Covering the Public Domain’s Back

One of the things I found surprising about international law was that it’s not always possible, or at least easy, for an author to place his or her work into the public domain. There are civil law countries in which so-called moral rights cannot be waived. This has been an issue for me, in that I wish to promote dedication to the public domain as the most practical way of releasing content that can be used, copied, distributed, and remixed without any possibility of conflict.

Now Dave Wiley of the OpenContent Foundation has proposed a license that reserves no rights at all. In other words, it’s a license the terms of which are functionally identical to a public domain dedication but with a completely different legal basis. While I’m not a lawyer, it seems to me that if other open licenses (such as those from Creative Commons) are valid throughout the world than this approach would be an ideal complement to a public domain dedication. For jurisdictions that recognize an author’s right to disclaim intellectual entitlements, the public domain dedication would apply. For those that do not, the license would take up the slack.
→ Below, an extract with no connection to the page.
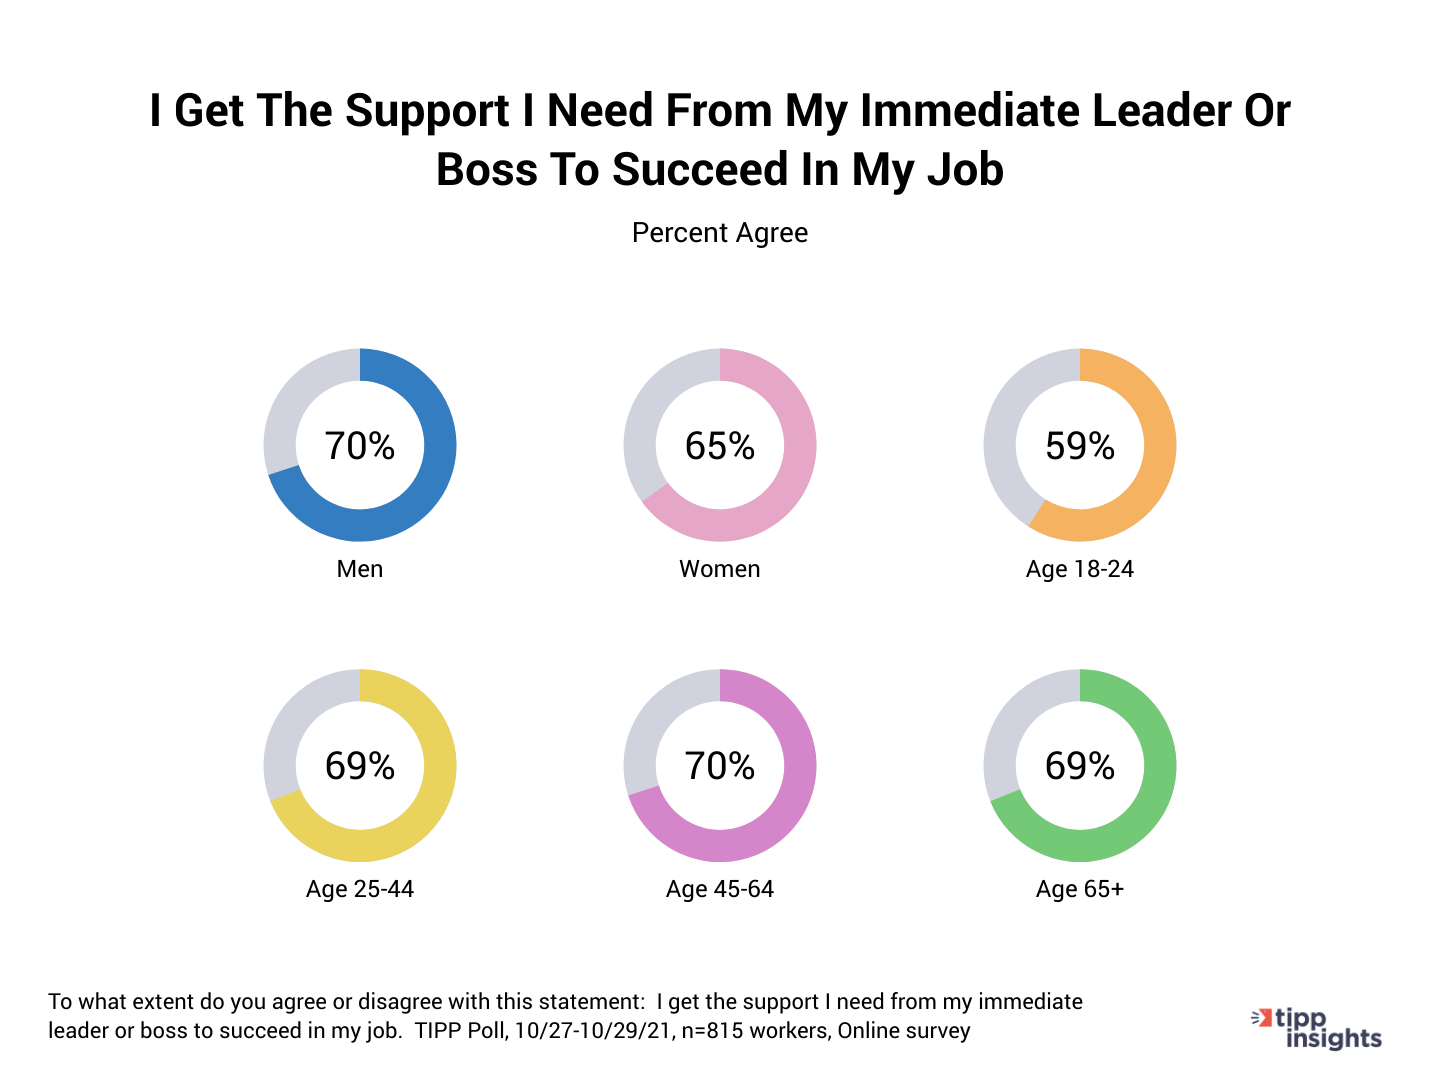 TIPP Poll Results: Do Workers in America recieve the support they need from immediate boss or leader to succeed at job?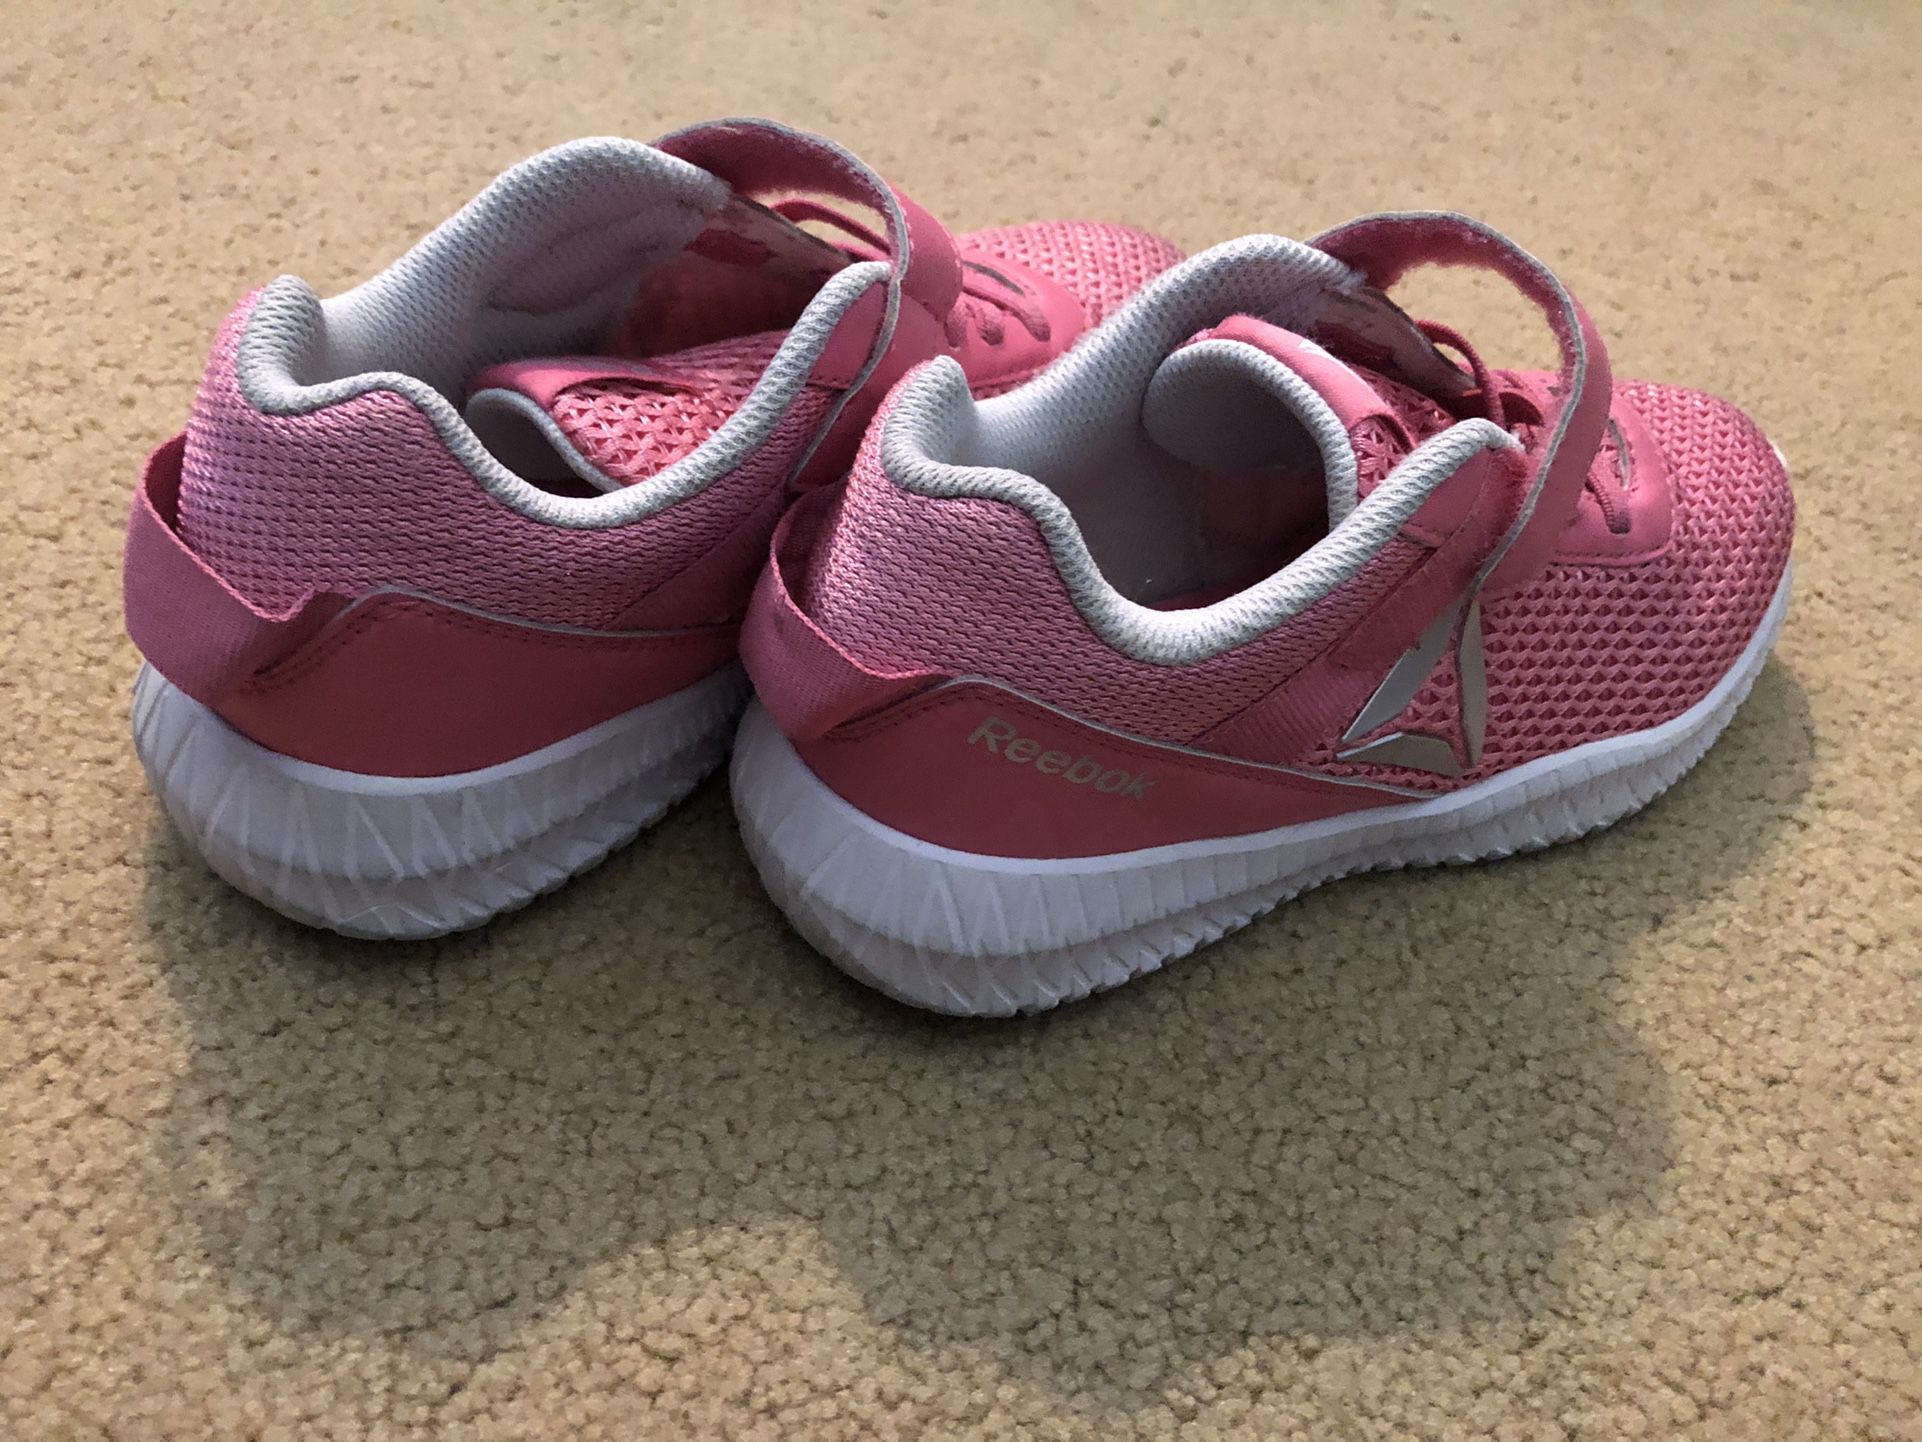 Girl’s Reebok Shoes Size US 1 1/2

My only objection is that he’s referring to it as an “Open Education License”, stemming from his original intention to devise a license that would prevent incompatible copyleft provisions from keeping content segregated in separate unremixable silos. He’s right that this is a pressing issue for the open education movement, but I think that this license has much broader potential than for just educational materials, and hope that he ends up selecting a more generic name for it as discussion on the matter continues.

Excuse my French

There’s a lot of discussion in the free culture movement about the two definitions of “free” that we use to describe our work. Summarized well by Wikipedia, the definitions are often described as:

  1. “Free as in beer”, or gratis, where those using free content or software don’t have to pay any money to do so; and
  2. “Free as in freedom”, or libre, where those using free content or software have the right to make derivative works.

What I find interesting are the suggestions to use the words gratis and libre to make this differentiation clear. The argument is that it’s necessary to borrow these words from French because there aren’t separate words in English that denote these different meanings of freedom.

Whatever flaws the English language may have, however, a stilted vocabulary is not among them. Rather than import more words, why not simply use ones we already have? Specifically, I suggest that free as in beer can be described as costless, and free as in freedom can be described as unencumbered. They’re accurate, unambiguous, and already present in English. Let’s use them!